Assignment | Reproduce the listing in its entirety. Do not reproduce the pictures.

Source data |
*-*-*

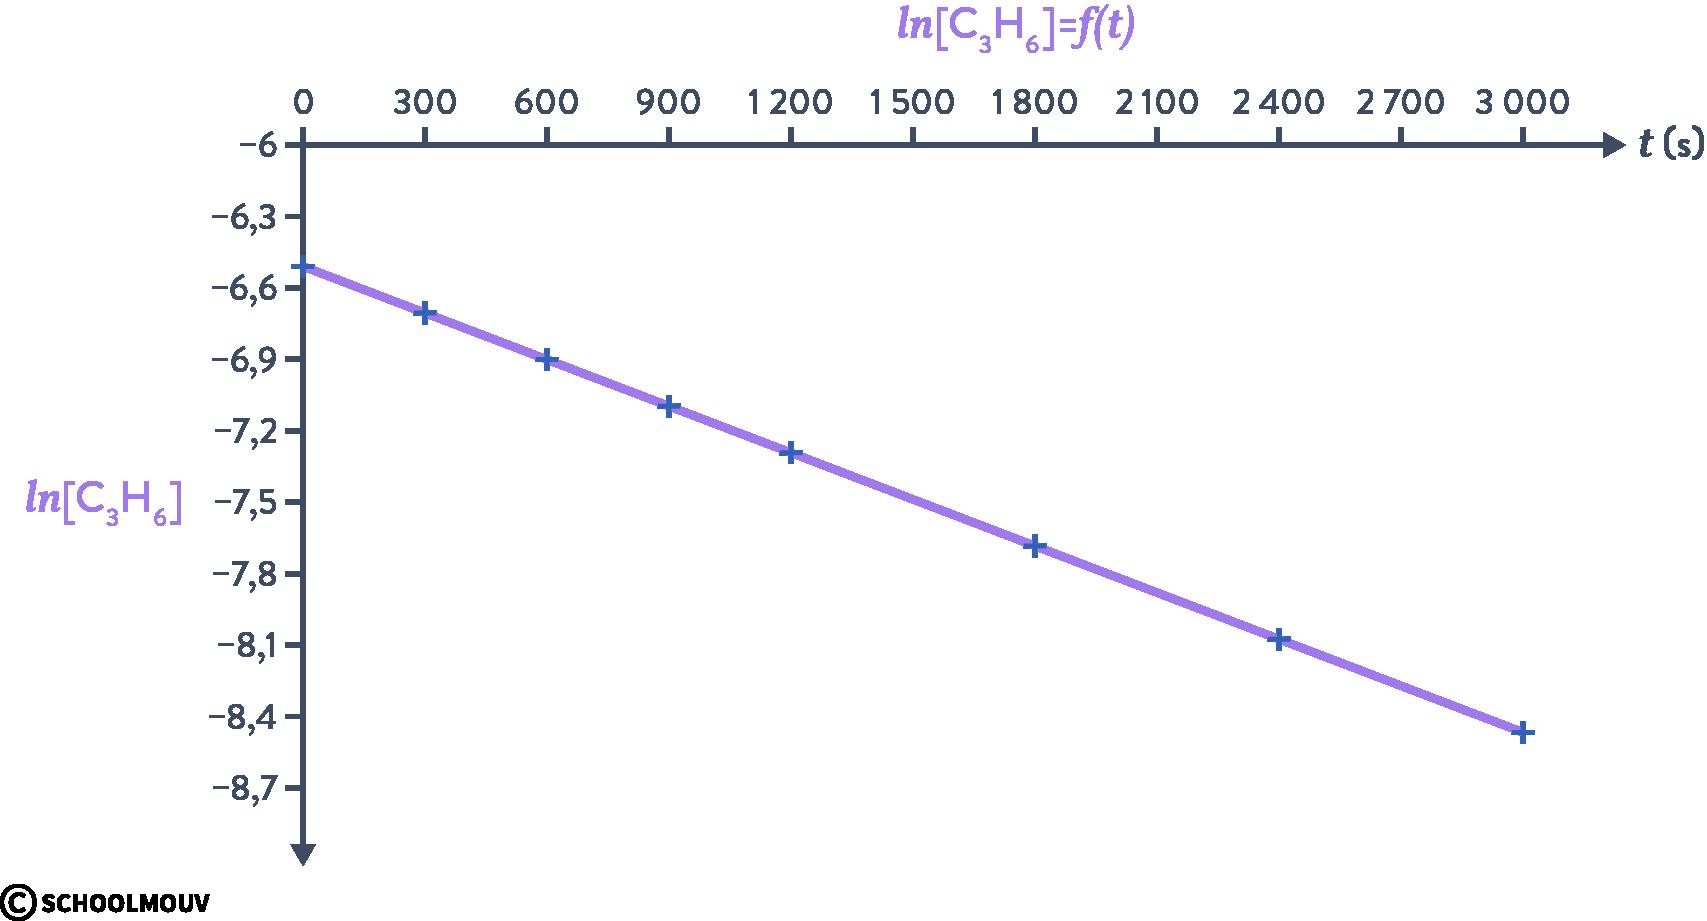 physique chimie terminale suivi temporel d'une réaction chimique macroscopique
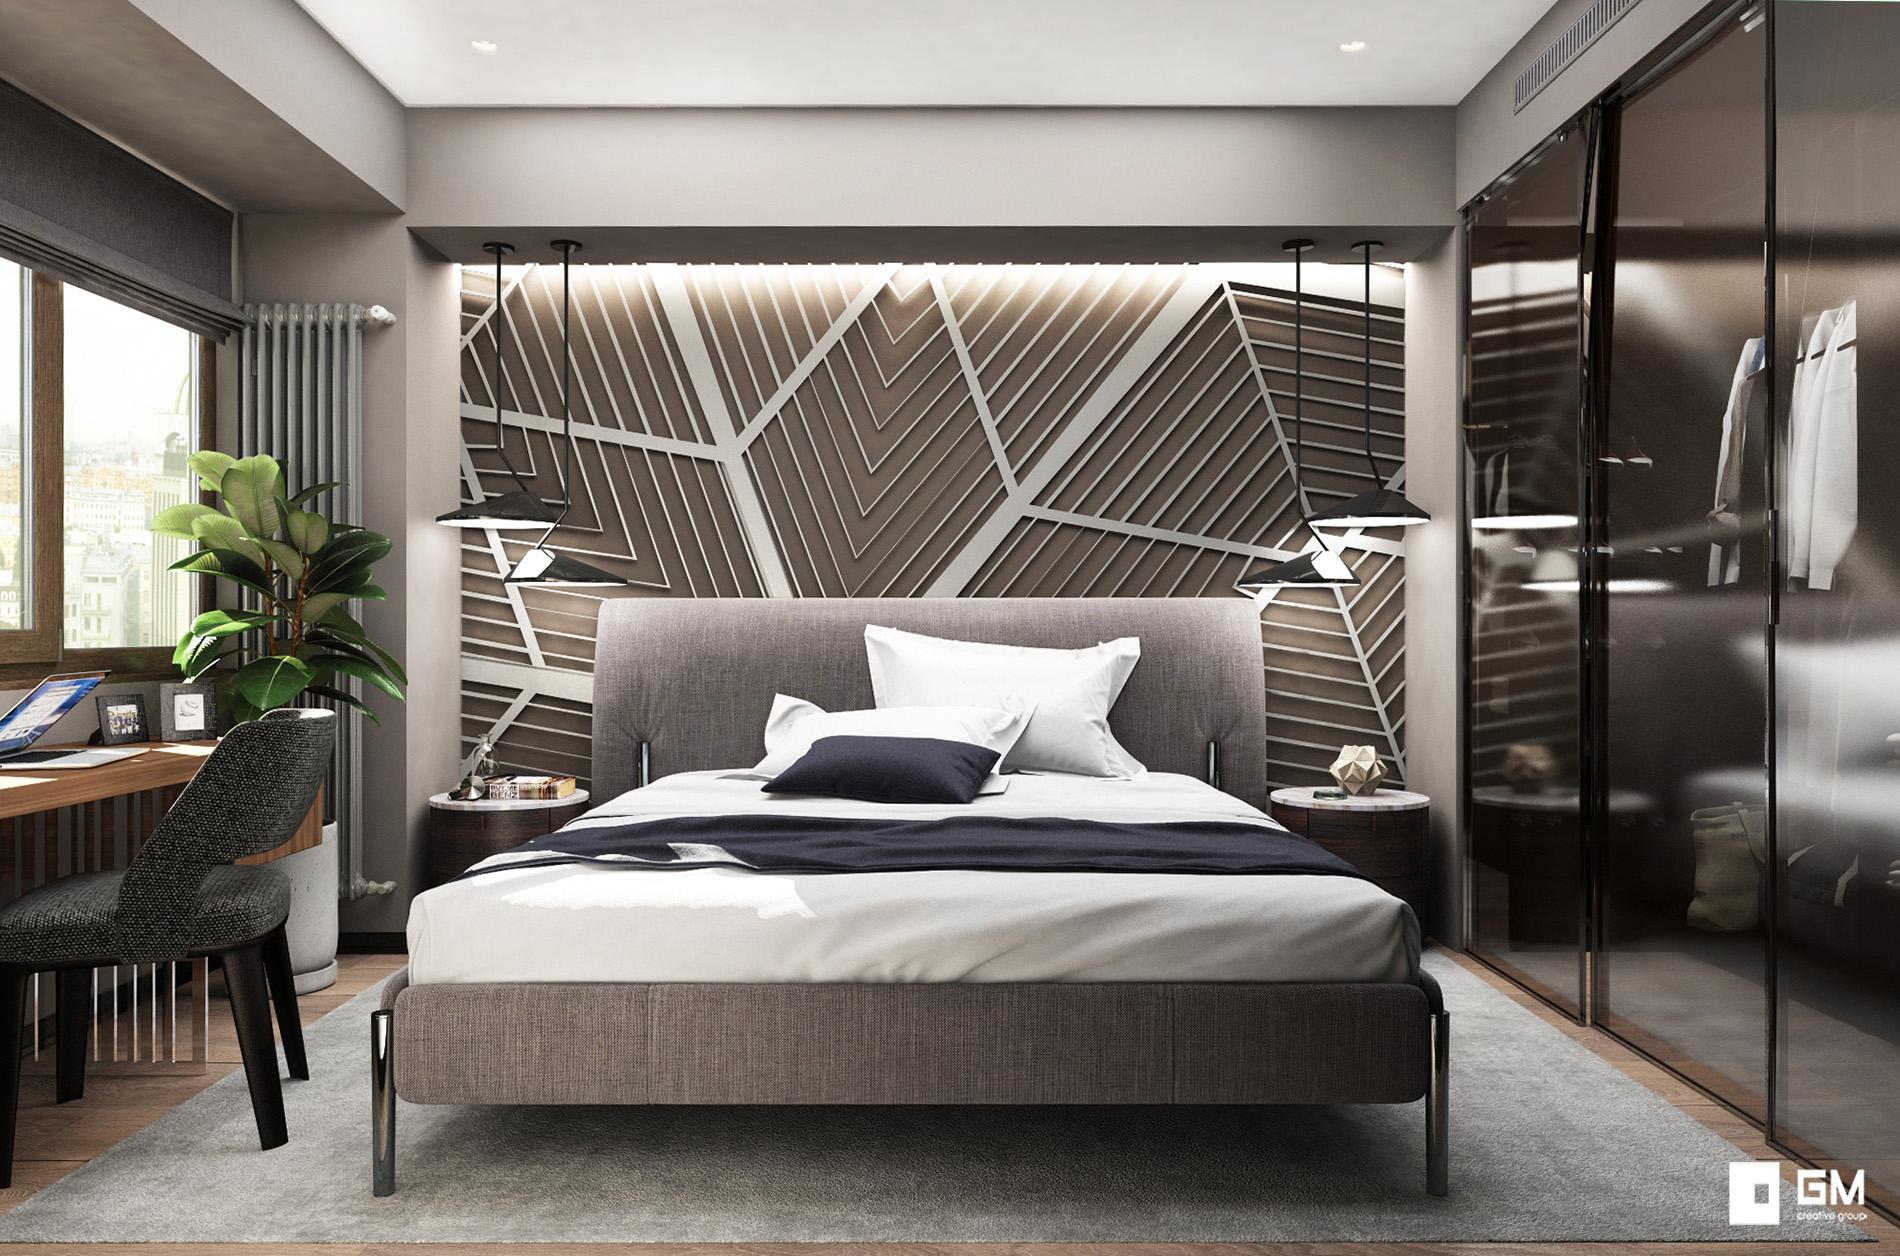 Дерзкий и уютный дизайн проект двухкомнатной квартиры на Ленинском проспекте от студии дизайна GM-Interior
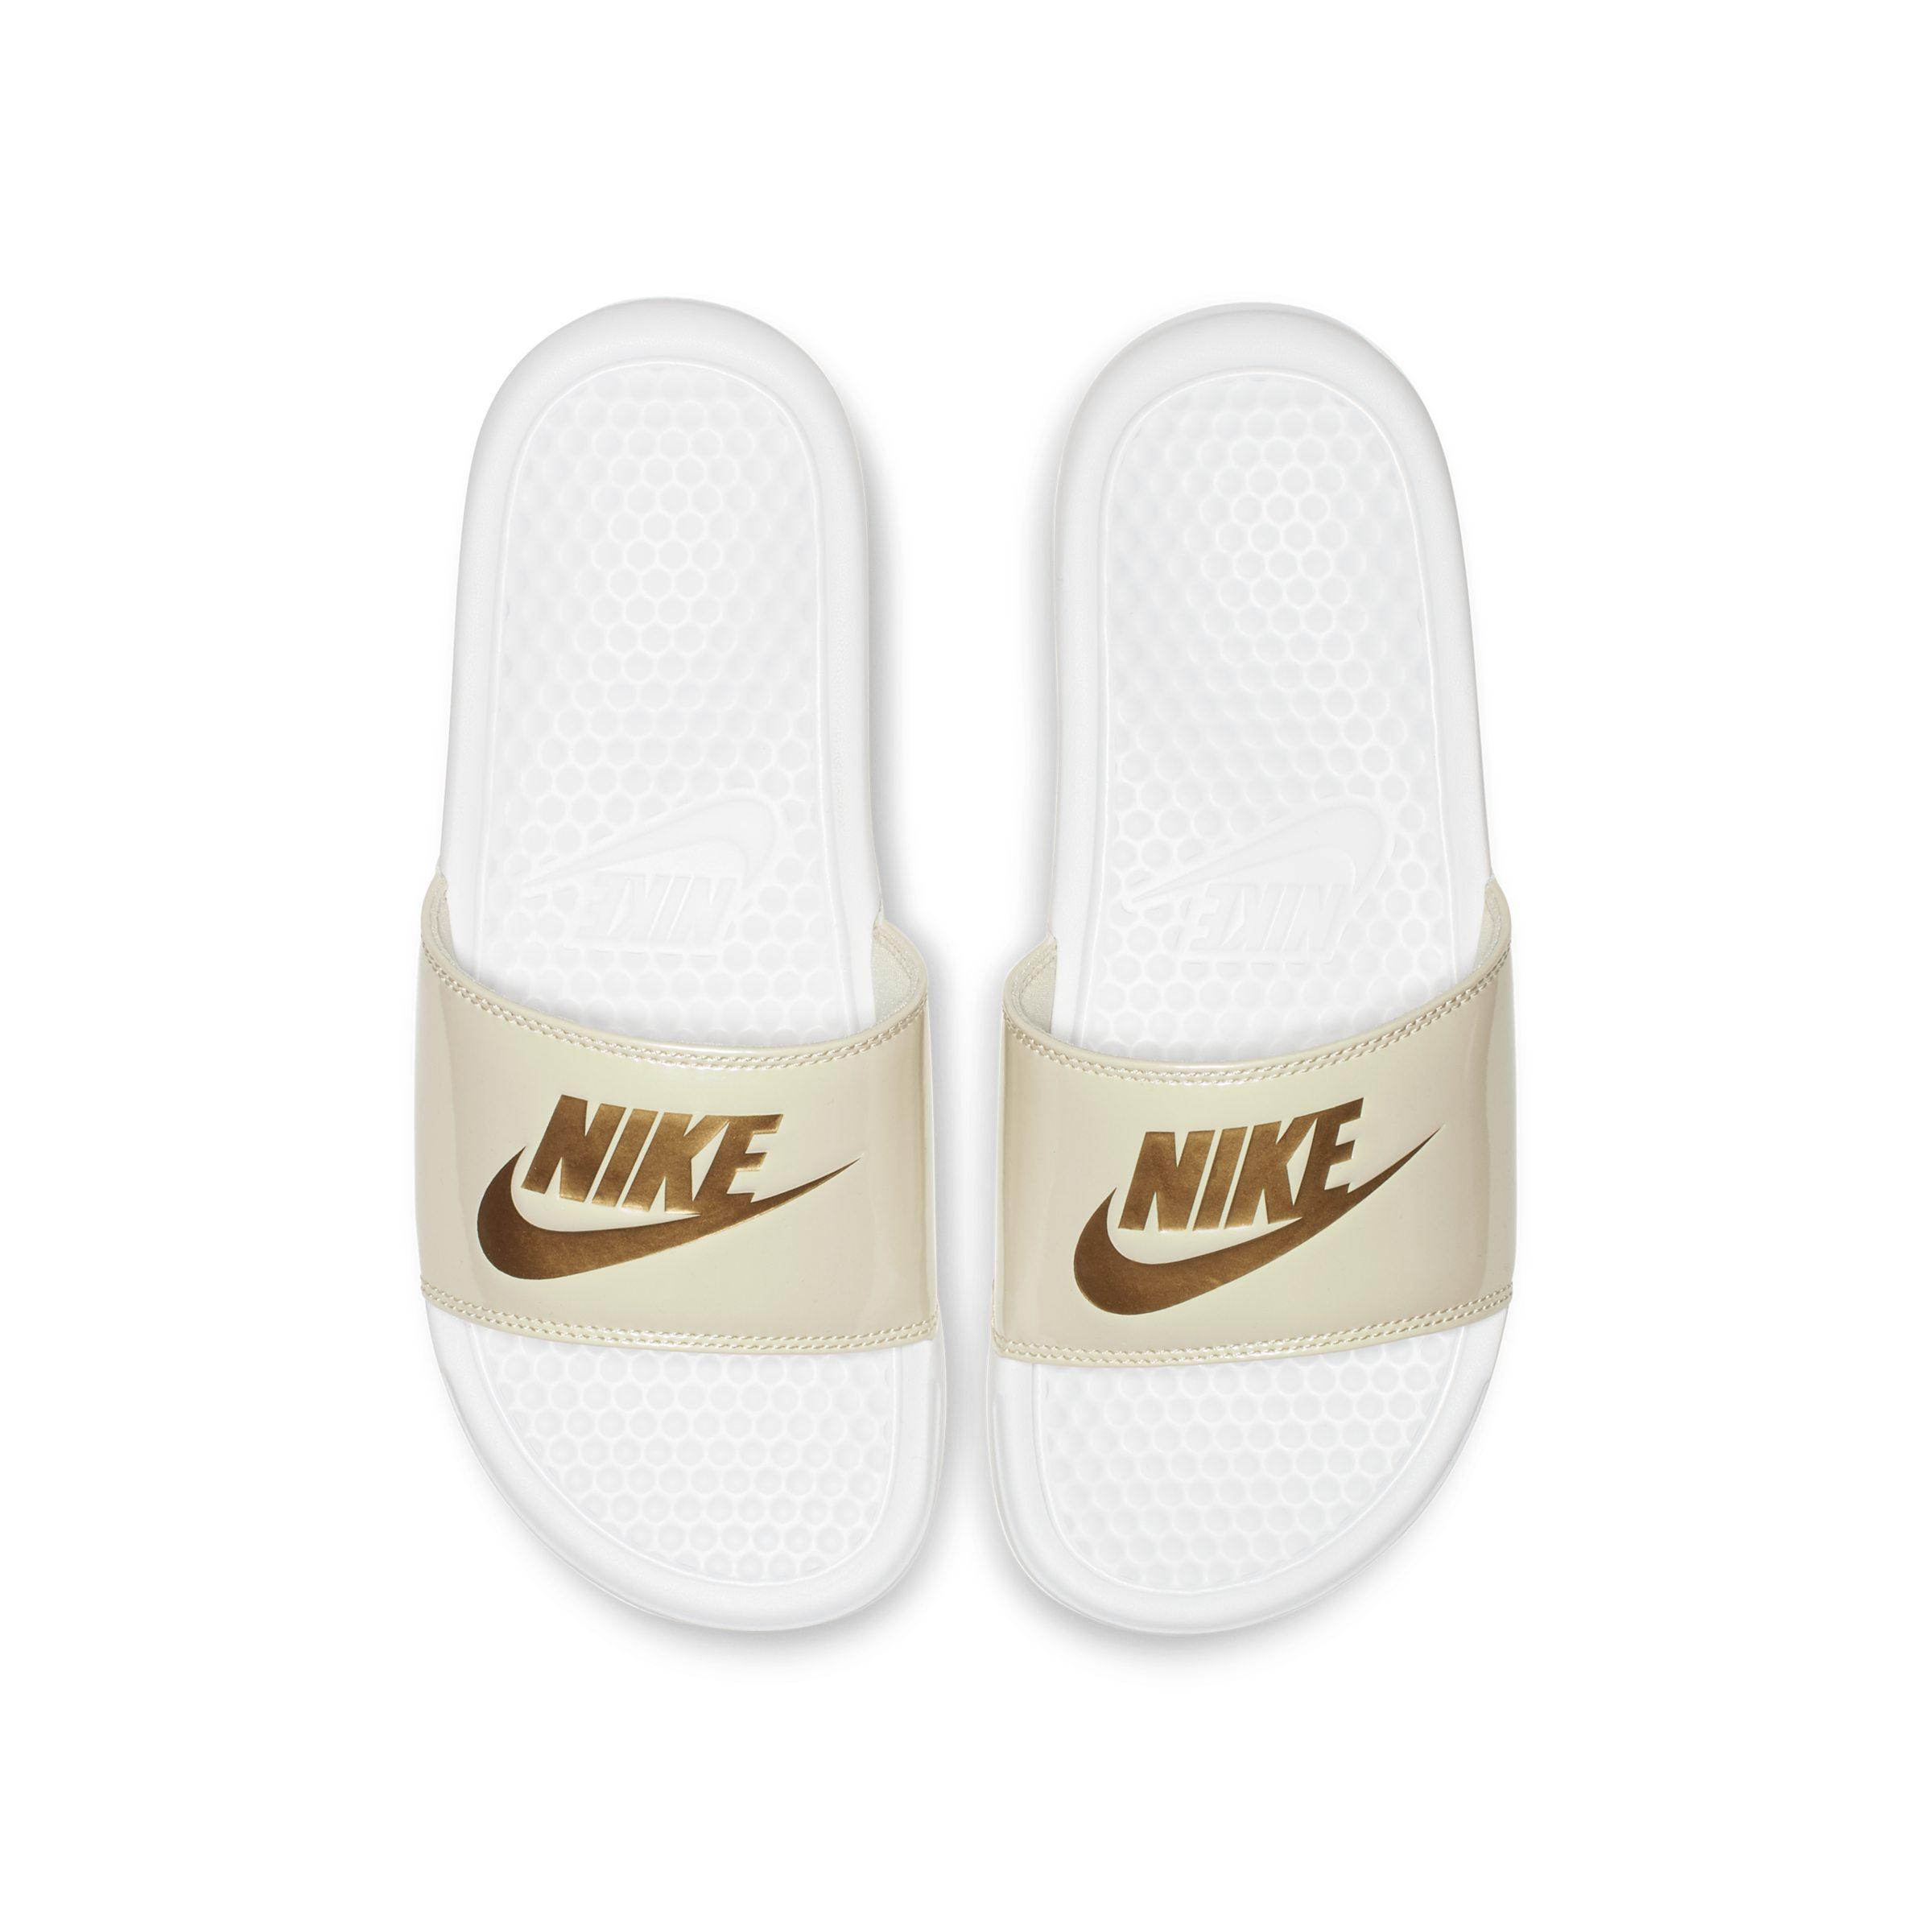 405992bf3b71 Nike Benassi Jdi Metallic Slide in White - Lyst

*-*-*

Answer space |
 physique chimie terminale suivi temporel d'une réaction chimique macroscopique
 Дерзкий и уютный дизайн проект двухкомнатной квартиры на Ленинском проспекте от студии дизайна GM-Interior
 405992bf3b71 Nike Benassi Jdi Metallic Slide in White - Lyst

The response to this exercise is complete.